Felsefesini cumhuriyete yansıtan CHP’nin devleti kurarken heyecanla ortaya çıktığı, yoksulluk, yenilmişlik, eğitimsizlikle mücadele edildiği vurgulanan bildiride her şeye rağmen mezhep ve etnik kimlikleri bir kenara bırakan her işi en iyi yapana teslim eden bir insanlık macerası başlatıldığı ifade edildi. Bildiride Türkiye’nin iç ve dış politikası eleştirilerek öşyle denildi:

"Gittikçe ağırlaşan bu tabloya rağmen partimiz maalesef ki iktidar alternatifi olamamış arka arkaya girdiği tüm seçimleri kaybetmiştir. Göreceli artışların bir başarı gibi gösterilmesi kabul edilemez. Kaybedilen her seçimden sonra Parti Meclisi’nde, yönetim kademelerinde ve danışmanlarda değişiklik yapılması ne gerçeğin yaşanmasına ne de sorunun görünmesine engel olabilmiştir. Atatürk’ün partisinde Atatürk, Cumhuriyeti kuran partide Cumhuriyet ve kurucu ilkeleri tartışmaya açılmış partimiz sistemli bir yıpratmaya tabi tutulmuştur.

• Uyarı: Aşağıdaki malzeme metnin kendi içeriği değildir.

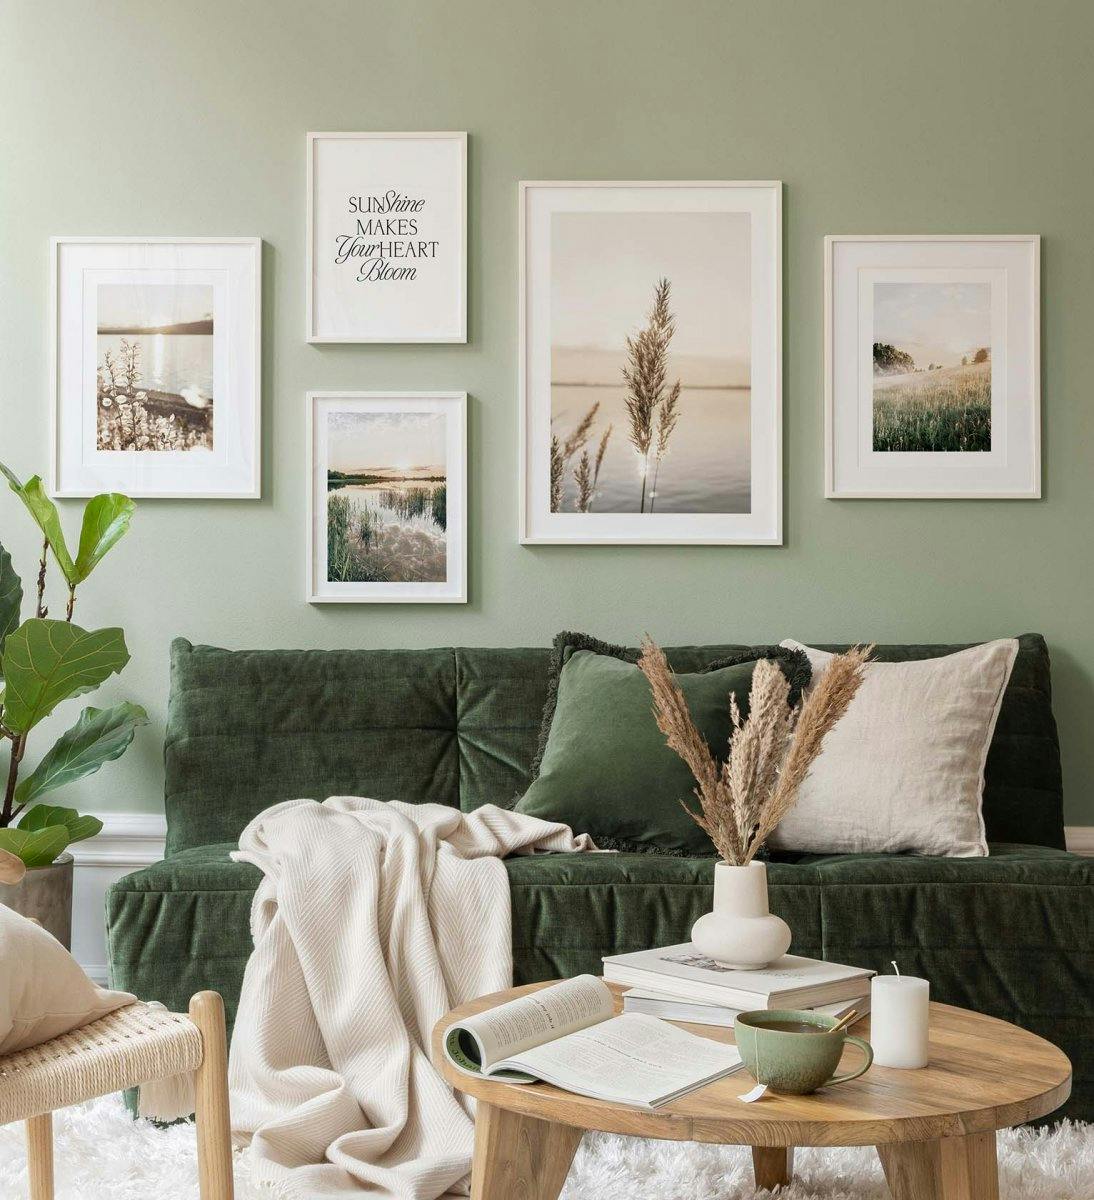 Landskabsfotografier i et grønt tema skaber en fredfyldt stemning i stuen

Farklı düşüncelere sahip insanların oyuna talip olunması gerekirken birbirine zıt ve her şeyden önce parti ilkelerimize aykırı seslere üst yönetimlerde yer verilmesi partimize olan güveni sarsmıştır.”

“CUMHURİYETLE, ATATÜRK’LE, ALTI OK’LA PROBLEMİ OLAN TRUVA ATLARI AYRILMALI”

Partide Cumhuriyetle, Atatürk’le ve Altı Ok’la sorunu olan Truva atlarını ahlaki ve hukuki olmayan işgallerine son vermeye davet edilen bildiride partinin iktidarını değil, başka partilerde vücut bulan fikri hakim kılmaya çalışan Truva atlarından partinin biran evvel kurtulması gerektiğinin altı çizildi. Partinin altı okunun onu savunmak, tartışmak, bu bağlamda yapılan yanlışlara ses çıkarmanın bir disiplin suçu haline getirildiği kaydedilen bildiride ilkelerine ve partiye sahip çıkma sorumluluğu bulunduğu, Türkiye için bu durumun dünden çok daha önemli olduğu ifade edildi.

Partinin ilke, amaç ve değerlerini benimsemeyen,üye olabilme şartına bile haiz olamayacakların örgüt yok sayılarak belediye başkan adayı, milletvekili adayı ve Cumhurbaşkanı adayı yapıldığına dikkat çekilen bildiride şu görüşlere yer verildi:

“Aday belirleme sürecinde örgütler yok sayılarak ‘bir risk aldım’ hakkı kullanılıyor ise başarısızlığın da bir sonucu vardır ve bu sorumluluk alınmalıdır. Parti ilkelerini benimsemeyenler; etnik ayrımcılık, mezhep, rant, belediyelerde iş silahlarını kullanarak kendi iktidarını kurmuş, her yer benim gibi düşünenlerden olmalı iddiasıyla bir çok yerde il, ilçe örgütlerini dizayn etmiş, meclis üyelerini, milletvekili adaylarını sıralamış, parti emekçilerini, siyasal birikimi ve liyakatı hiçe saymıştır. Sonuç olarak hepimizin kendi illerinde yaşadığı benzer sorunlar heyecanımızı azaltmış, karamsarlık ve yılgınlık başlamıştır. Meclis üyeliği aday adaylığı sürecinde; adaylar parti kararlarına, parti kendi aldığı kararlara uymayarak adayları tespit etmiş, ilkesiz ve kişisel oluşumlar içine girilmiştir. Partimiz oyları ile seçilen meclis üyelerimiz arka arkaya AK Parti’ye geçmektedir. Sorulmayan hesap ve yasak savar açıklamalar geçmek isteyenlere cesaret vermiştir. Gideceği belli olanları kişisel hesaplarla destekleyenler, grubu bir arada tutacak siyasal heyecanı yaratamayanlar, birilerinin kaygıları nedeniyle Antalya’da yerel siyasete karşı ilkeli bir muhalefet görevi yapamayanlar en az gidenler kadar suçludur. Partimizin her bir üyesi, parti görevlileri, seçilmişler, bir araya gelinen her yerde gerçekleri konuşur hale gelmiştir. Türkiye’nin kurucu ayarlarına dönmesi için partimizin fabrika ayarlarına dönmesi gerekir. Sadece ifade edilmesi o an söylenip geçiştirilmesi yetmez, partimizin her biri ayrı öneme sahip bütün ilkelerinin, ciddiyetle, güvenle inançla savunulması, başarısızlık var ise bunları sağlayacak kadrolara yol verilmesi gerekir. CHP’nin kuruluş felsefesiyle kalınan yerden insanlık macerasına devam edilmesi, Türkiye’nin kurtuluş projesidir. Aksi sadece partimize değil, ülkemize ihanettir.”